Personal information
- Full name: Reuben Hazell
- Date of birth: 24 April 1979 (age 46)
- Place of birth: Birmingham, England
- Height: 5 ft 11 in (1.80 m)
- Position(s): Defender

Senior career*
- Years: Team / Apps / (Gls)
- 1998–1999: Aston Villa / 0 / (0)
- 1999–2002: Tranmere Rovers / 42 / (1)
- 2002: → Torquay United (loan) / 5 / (0)
- 2002–2004: Torquay United / 79 / (2)
- 2004–2005: Kidderminster Harriers / 0 / (0)
- 2005–2007: Chesterfield / 72 / (1)
- 2007–2011: Oldham Athletic / 151 / (7)
- 2011–2012: Shrewsbury Town / 10 / (0)
- Total:  / 359 / (11)

= Reuben Hazell =

English footballer (born 1979)

Reuben Daniel Hazell (born 24 April 1979) is an English former professional footballer who played as a defender.

==Club career==
Hazell started his career as a youth player with Aston Villa before playing for Tranmere Rovers, Torquay United, Kidderminster Harriers and Chesterfield, where he scored once against Swansea City. Whilst at Tranmere he played in the 2000 Football League Cup Final, and scored one league goal in a 2–1 win over Portsmouth in March 2000.

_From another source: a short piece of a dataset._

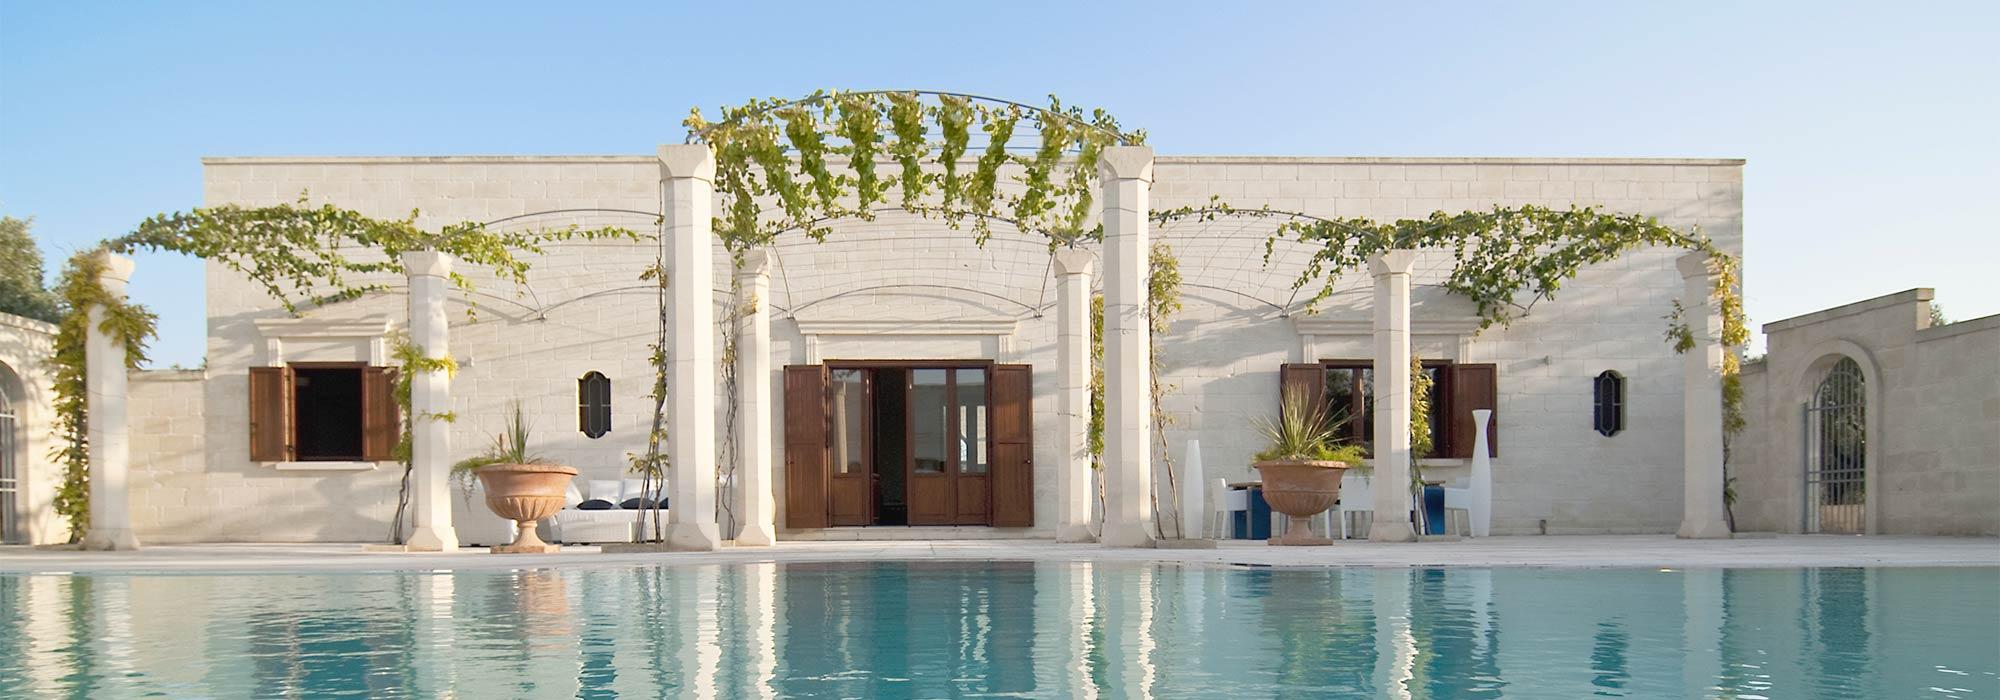 Masseria la Palma – Luxury Villa in Puglia – Sleeps 10
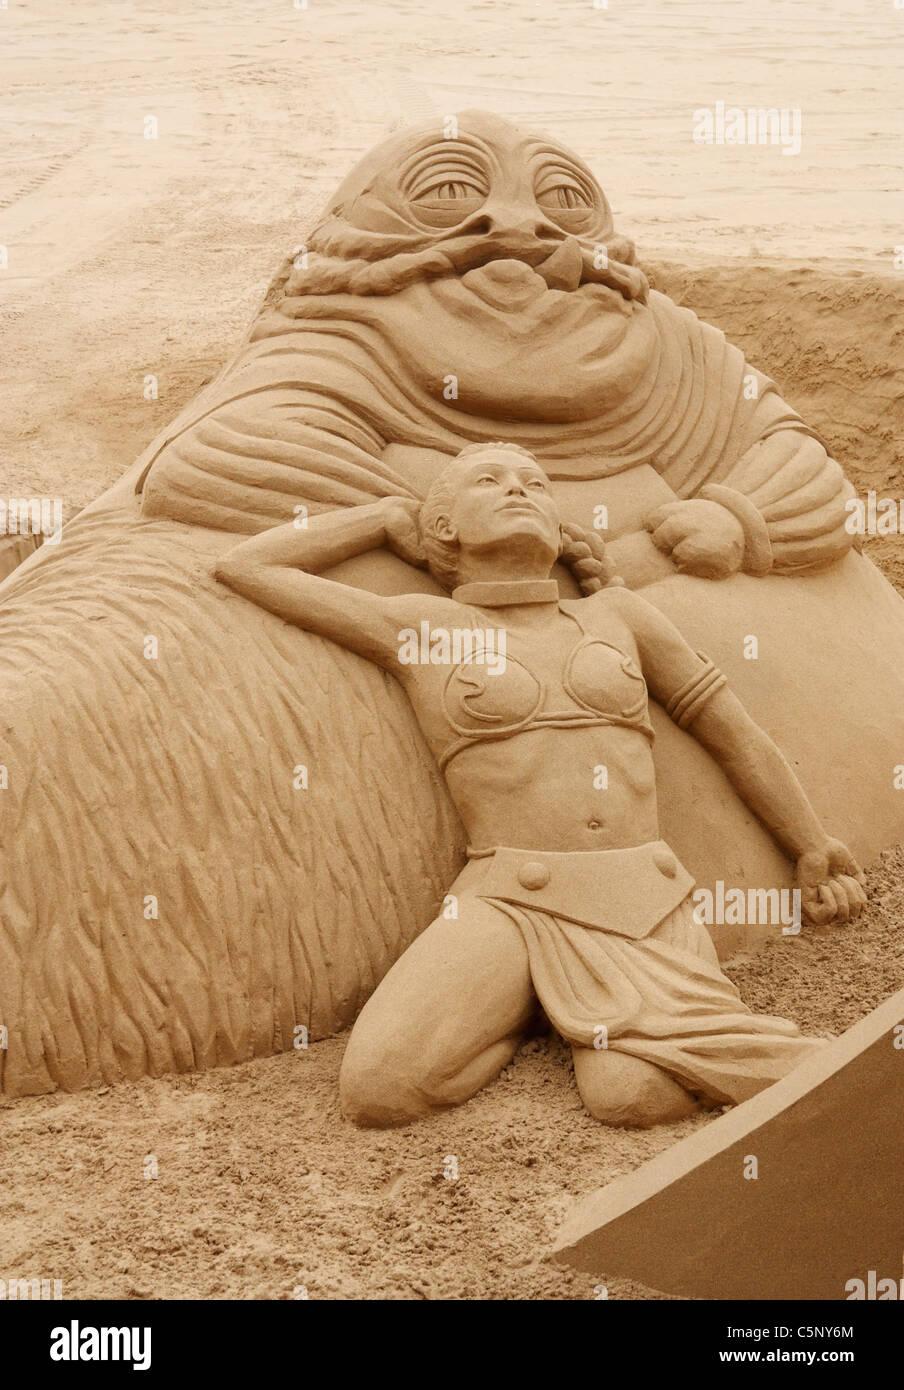 star wars sand sculpture on beach in spain stock photo 37976364 alamy

He joined Oldham Athletic in September 2007. He was appointed the club's vice-captain at the start of the 2010–11 season before being promoted to club captain after the departure of Sean Gregan.

At the end of the 2010–11 season he declined the offer of a new contract from Oldham and he left the club in June 2011. He subsequently joined Shrewsbury Town ahead of the start of pre-season training on a two-year deal. However, he was missed most of the season after suffering cruciate ligament damage in a match against Torquay United as a result of a tackle by Torquay striker Rene Howe, whom Hazell later criticised in the Shropshire Star. On 15 October 2012, Hazell left Shrewsbury after his contract was terminated by mutual consent.

==Coaching career==
Hazell managed the Panjab football team at the 2018 ConIFA World Football Cup.